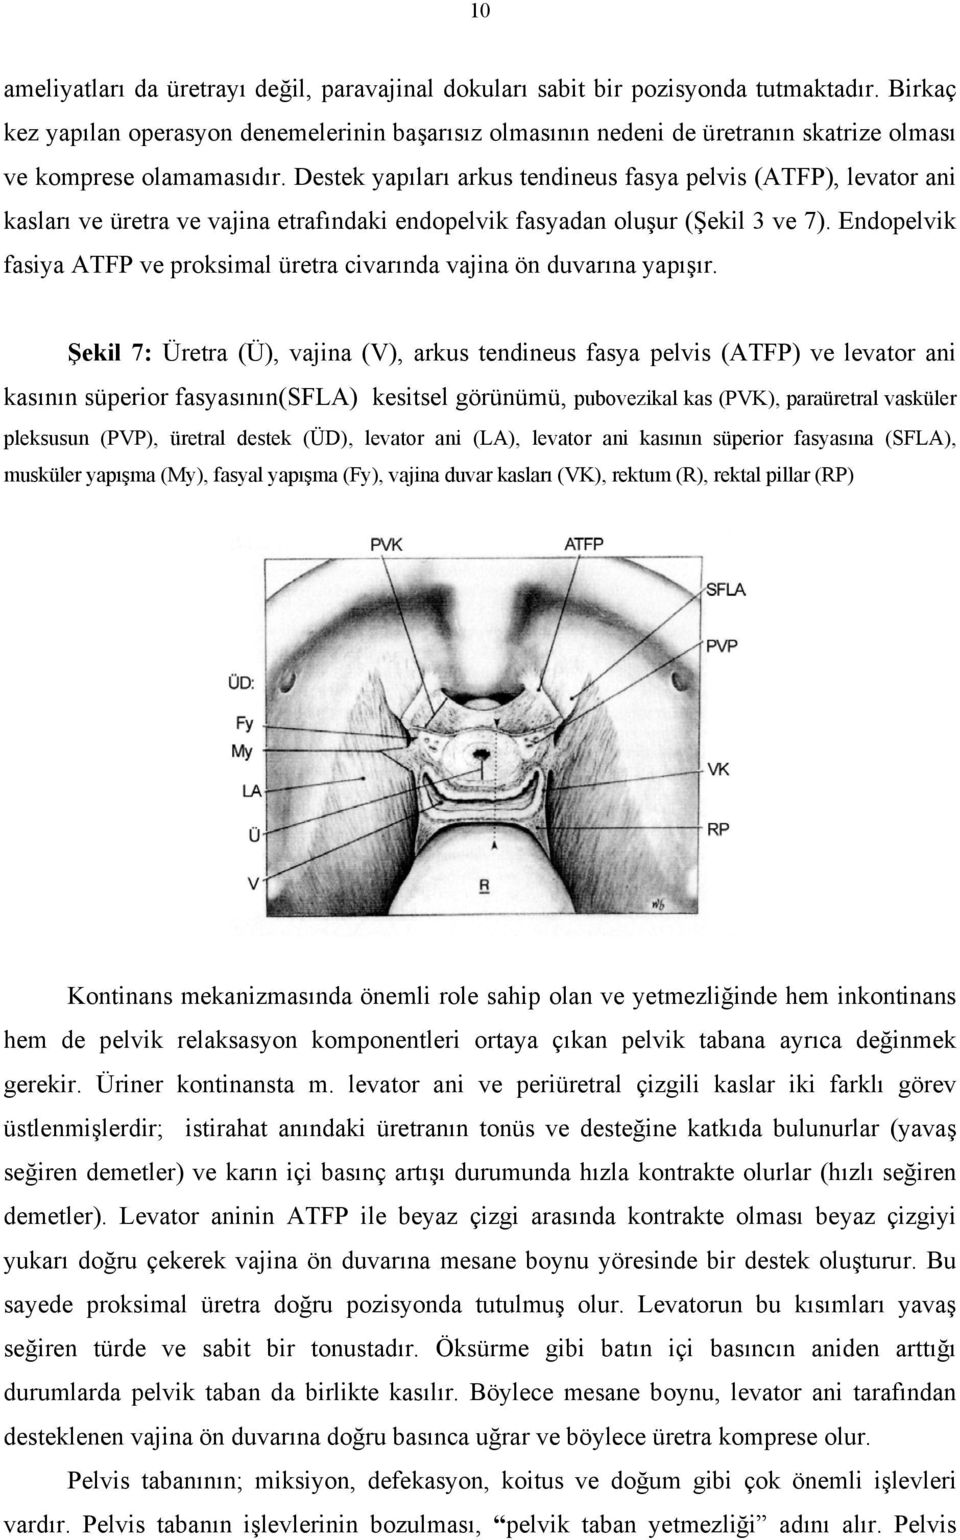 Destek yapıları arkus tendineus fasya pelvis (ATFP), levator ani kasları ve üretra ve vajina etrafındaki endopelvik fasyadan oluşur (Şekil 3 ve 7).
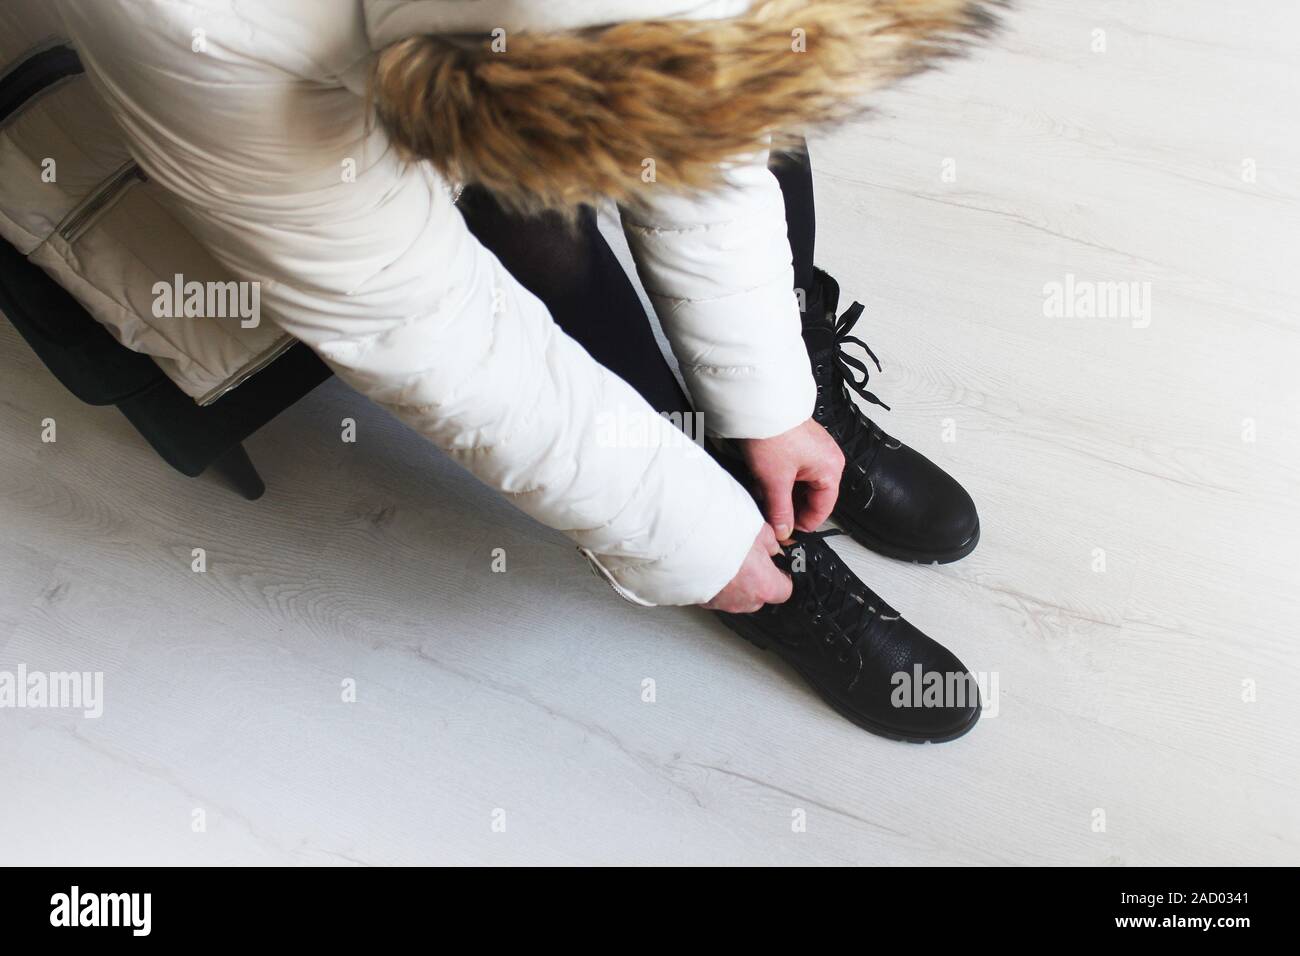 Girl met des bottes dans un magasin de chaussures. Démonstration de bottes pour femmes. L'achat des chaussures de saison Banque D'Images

==

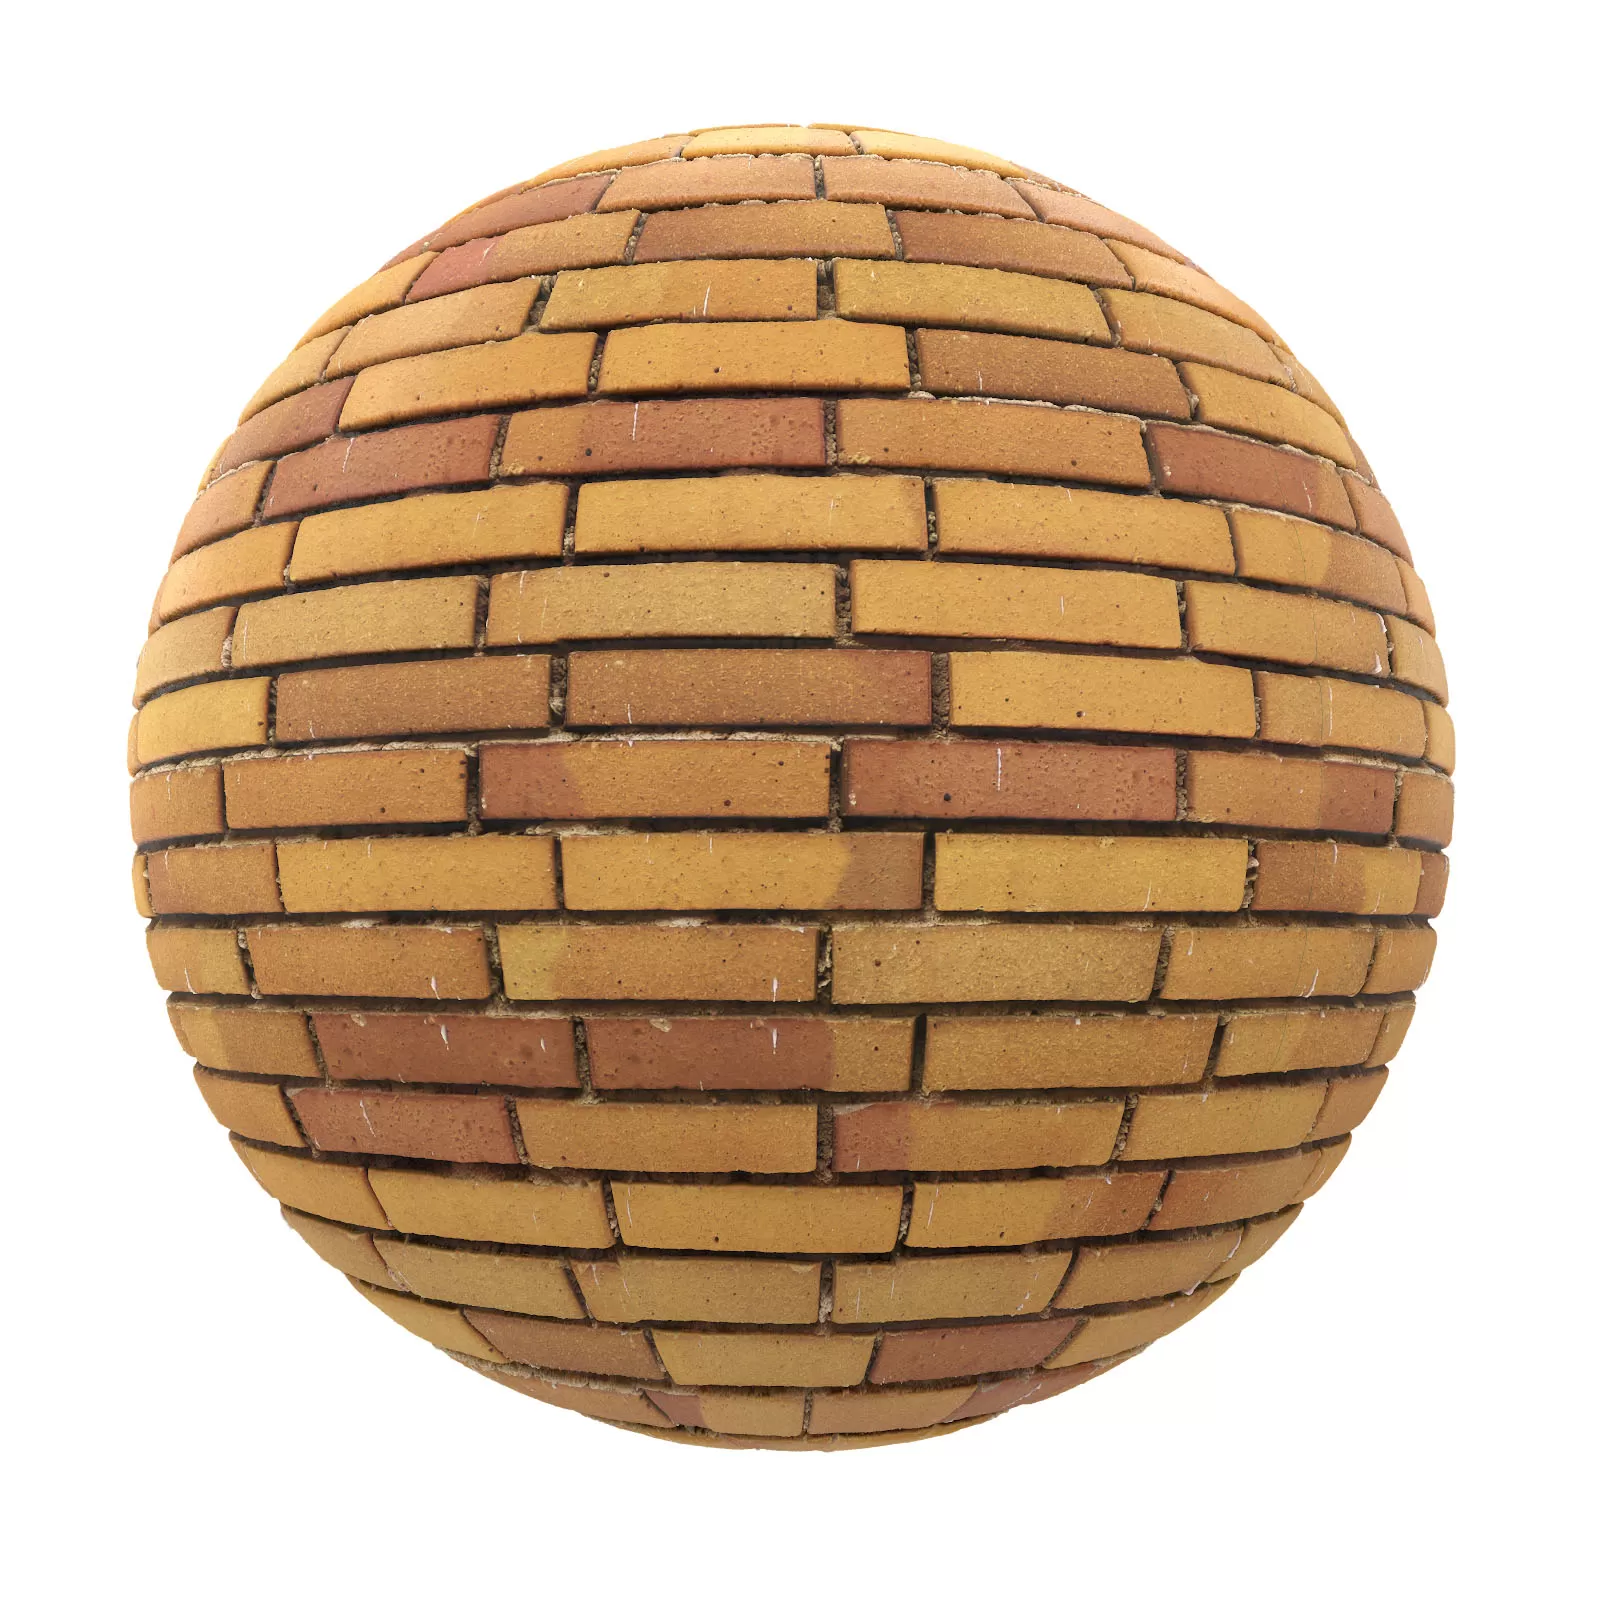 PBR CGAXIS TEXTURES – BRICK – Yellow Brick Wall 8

--

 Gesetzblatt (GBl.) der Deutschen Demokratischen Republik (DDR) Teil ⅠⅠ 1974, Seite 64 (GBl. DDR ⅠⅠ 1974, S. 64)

◆ **YOUR INSTRUCTIONS**
Given the records above, return the lines starting at the one that holds "Destek yapıları arkus" and ending at the one that holds "Girl met des", exactly, and nothing besides; leave every picture out.

◆ **RESPONSE TO THIS EXERCISE**
 Destek yapıları arkus tendineus fasya pelvis (ATFP), levator ani kasları ve üretra ve vajina etrafındaki endopelvik fasyadan oluşur (Şekil 3 ve 7).
 Girl met des bottes dans un magasin de chaussures. Démonstration de bottes pour femmes. L'achat des chaussures de saison Banque D'Images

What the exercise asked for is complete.